Вокзал горит с одного края — его тушат ведрами воды. Самолета уже не видно, но и тишины как не бывало: кругом треск, скрежет, крики.
— Не ходите на станцию, в город, в город идите…Там все ваши, — останавливает нас высокая женщина в железнодорожной форме.
Лиля отдает ей ребенка и вместе с другими бежит прочь. А я с Любой наоборот — на станцию…
* * *
Ах, Люба, Любка Самсонова! Девочка, сохранившая самообладание в кромешном аду. Всю жизнь я хотела быть на тебя похожей. Тебя не было на той давней интернатской встрече, да и на Урале тебя с нами не было тоже. Потом узнали: встречным поездом с кем-то из приехавших в Лычково родителей ты вернулась в Ленинград, еще до конца не замкнутый блокадой. Где ты теперь? Жива ли?
* * *
Мы с ней на станции пригодились, особенно рослая Любка, на мою мелкую фигуру девушки-санитарки смотрят с сомнением. Из разбомбленного военного эшелона тащат на носилках и одеялах раненых, то есть, теперь уже вновь раненых. Некоторые из них идут, ковыляют, ползут сами.
Антонину Михайловну мы увидели почти у самой станции. Она как-то полусидела у накренившегося столба, и мы еще издали поняли, что она неживая. Недалеко убитый мужчина и двое маленьких— с удивленно полуоткрытыми черными ртами.
— Антонина к вам бежала… — слышим мы вдруг тихий голос Юрки.

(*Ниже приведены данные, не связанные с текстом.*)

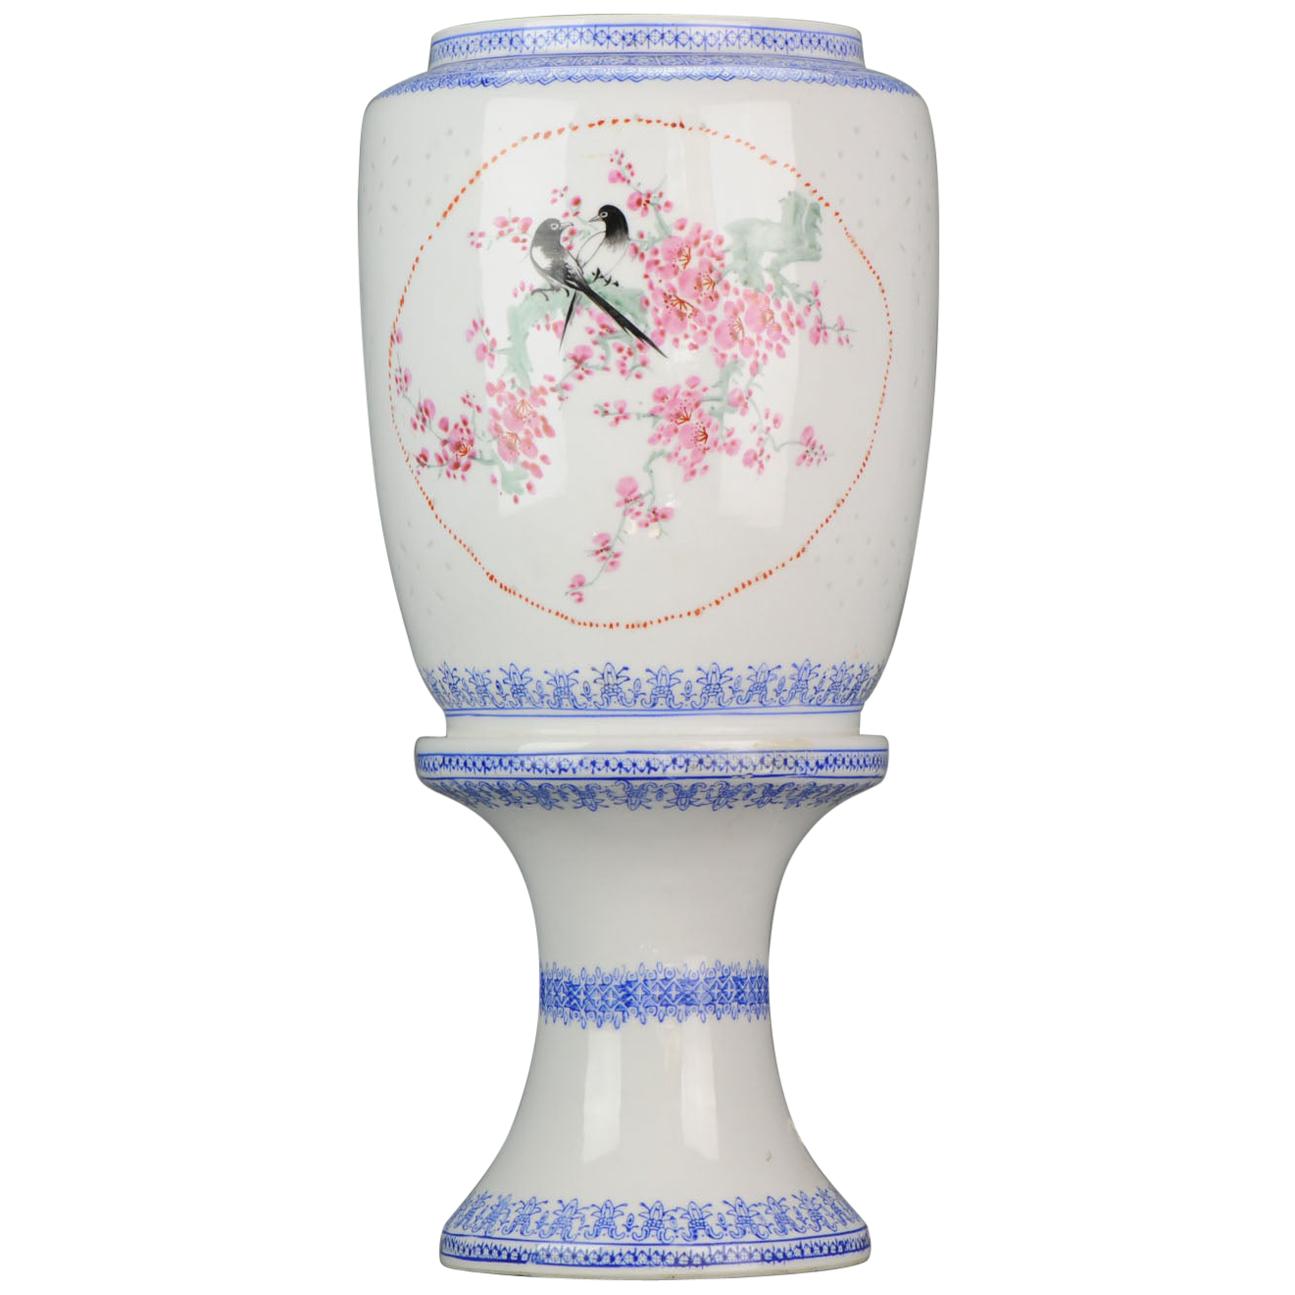 Lampe Jingdezhen PRoC du 20ème siècle en porcelaine coquille d'œuf avec motif oiseaux, marque chinoise

С ним вместе незнакомый, не наш мальчишка.
И мы бежим туда — к дымящимся продырявленным вагонам. И видим свой, то есть бывший свой, вагон — его изрешеченный черный скелет. Незнакомый парнишка подсаживает меня, и вот мы уже внутри.
С нар сползает белое с красным — кровь и сметана из разбитых банок. На тюках, что у стенки, раскинула безжизненные руки Аня Абрамова. А где Плимак Аня, увидевшая самолет и падающие бомбы? Ее не было с нами в сторожке. Нет ее и в вагоне. Люба осматривает верхние нары.
— Там живых никого, — говорит глухим шепотом. — Пойдем отсюда…
И мы опять несемся на станцию, перехватив у пожилой женщины, военного врача, большое ведро с водой. Такое большое, что тащим его вдвоем. Потом опять наполняем его из уцелевшего крана, Юрка тащит ведро один, а мы носим какие-то мешки, сумки с бинтами и инструментами, коробки с лекарствами, спиртом, йодом. Но тут на нас налетает директор нашей школы.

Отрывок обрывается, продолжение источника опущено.